Next is Michael’s interesting take on how much O11y code is enough. Historically, I’ve taken the perspective – that enough is a factor of code complexity. More complex code – warrants more O11y or logging as this is where bugs are most likely to manifest themselves; secondly, I’ve looked at transaction and service boundaries. The problem is this approach can sometimes generate chatty code. I’ve certainly had to deal with chatty apps, and had to filter out the wheat from the chaff. So Michael’s approach of cost/benefit and measuring this using his B2I ratio (how much code is addressing the business problems over how much is instrumentation) was a really fresh perspective and presented in a very practical manner, with warnings about using such a measure too rigidly. It’s a really good perspective as well if you’re working on hyperscaling solutions where a couple of percentage point improvements can save tens of thousands of dollars. Pretty good going, and we’re only a couple of chapters into the book.

The book gets into the underlying ideas and concepts that inform OpenTelemetry, such as traces and spans, metrics, and how these relate to Observability. Some of the classic mistakes are called out, such as dimensioning metrics with high cardinality and why this will present real headaches for you.

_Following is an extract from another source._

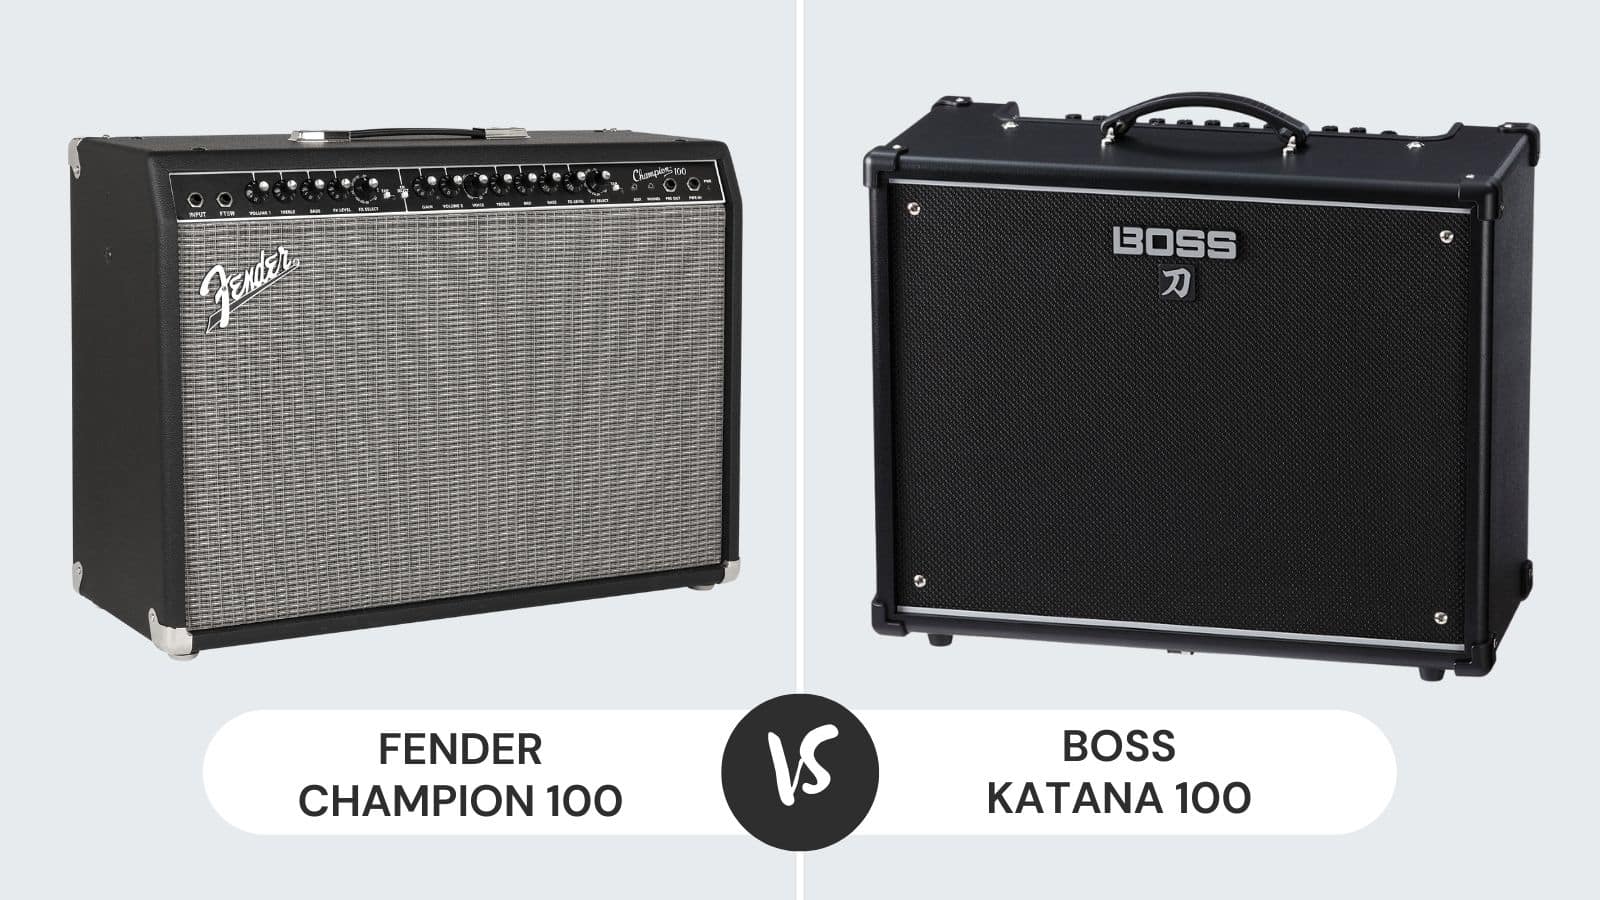 Fender Champion 100 vs Boss Katana 100

As the data is understood, particularly metrics you can start to think about how to identify what normal is, what is abnormal, or an outlier. That then leads to developing Service Level Objectives (SLOs), such as an acceptable level of latency in the solution or how many errors can be tolerated.

The book isn’t all theory. The ideas are illustrated with small Go applications, which are instrumented, and the generated metrics, traces, and logs. Rather than using a technology such as Fluentd or Fluent Bit, Michael starts by keeping things simple and directly connecting the gathering of the metrics into tools such as Prometheus, Zipkin, Jaeger, and so on. In later chapters, the complexity of agents, aggregators, and collectors is addressed. Then, the choices and considerations for different backend solutions from cloud vendor-provided services such as OpenSearch, ElasticSearch, Splunk, Instana and so on. Then, the front-end visualization of the data is explored with tools such as Grafana, Kibana, cloud-provided tools, and so on.

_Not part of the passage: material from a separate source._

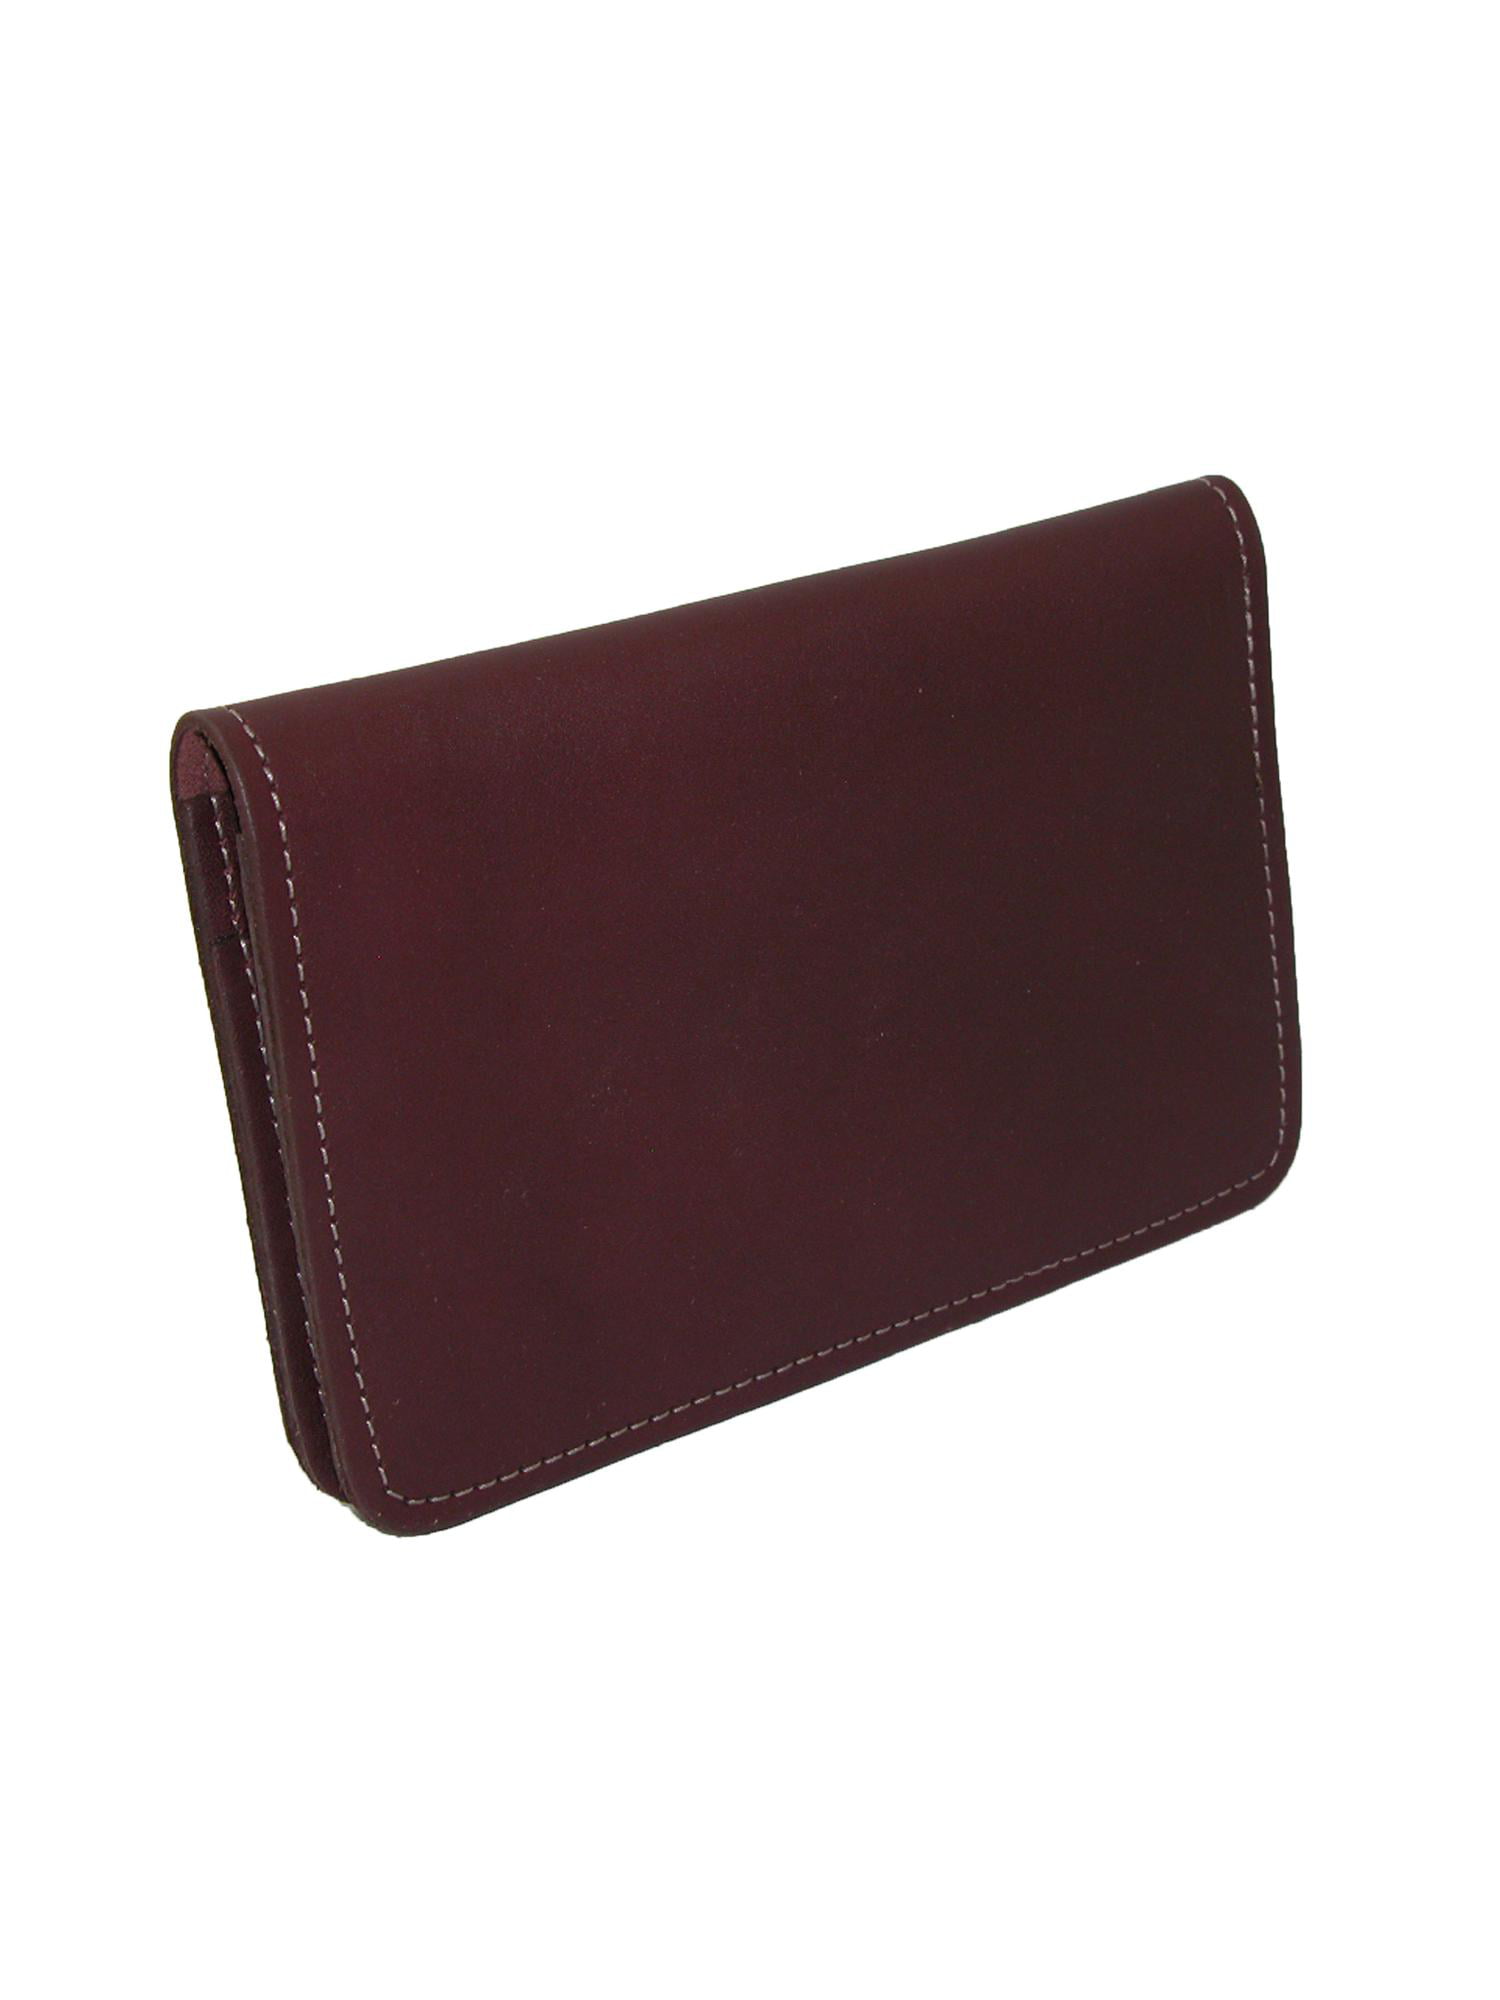 CTM Leather Deluxe Top Stub Checkbook Wallet

As the book progresses, the chapters drill down into more detail, such as the differences and approaches for measuring containerized solutions vs. serverless implementations such as Lambda and the kinds of measures you may want. The book isn’t tied to technologies typically associated with modern Cloud Native solutions, but more traditional things like relational databases are taken into account.

The closing chapters address questions such as how to address alerting, incident management, and implementing SLOs. How to use these techniques and tools can help inform the development processes, not just production.

So I would recommend the book, if you’re trying to understand Observability (regardless of a cloud solution or not). If you’re trying to advance from the more traditional logging to a fuller capability, then this book is a great guide, showing what, why, and how to evaluate the value of doing so.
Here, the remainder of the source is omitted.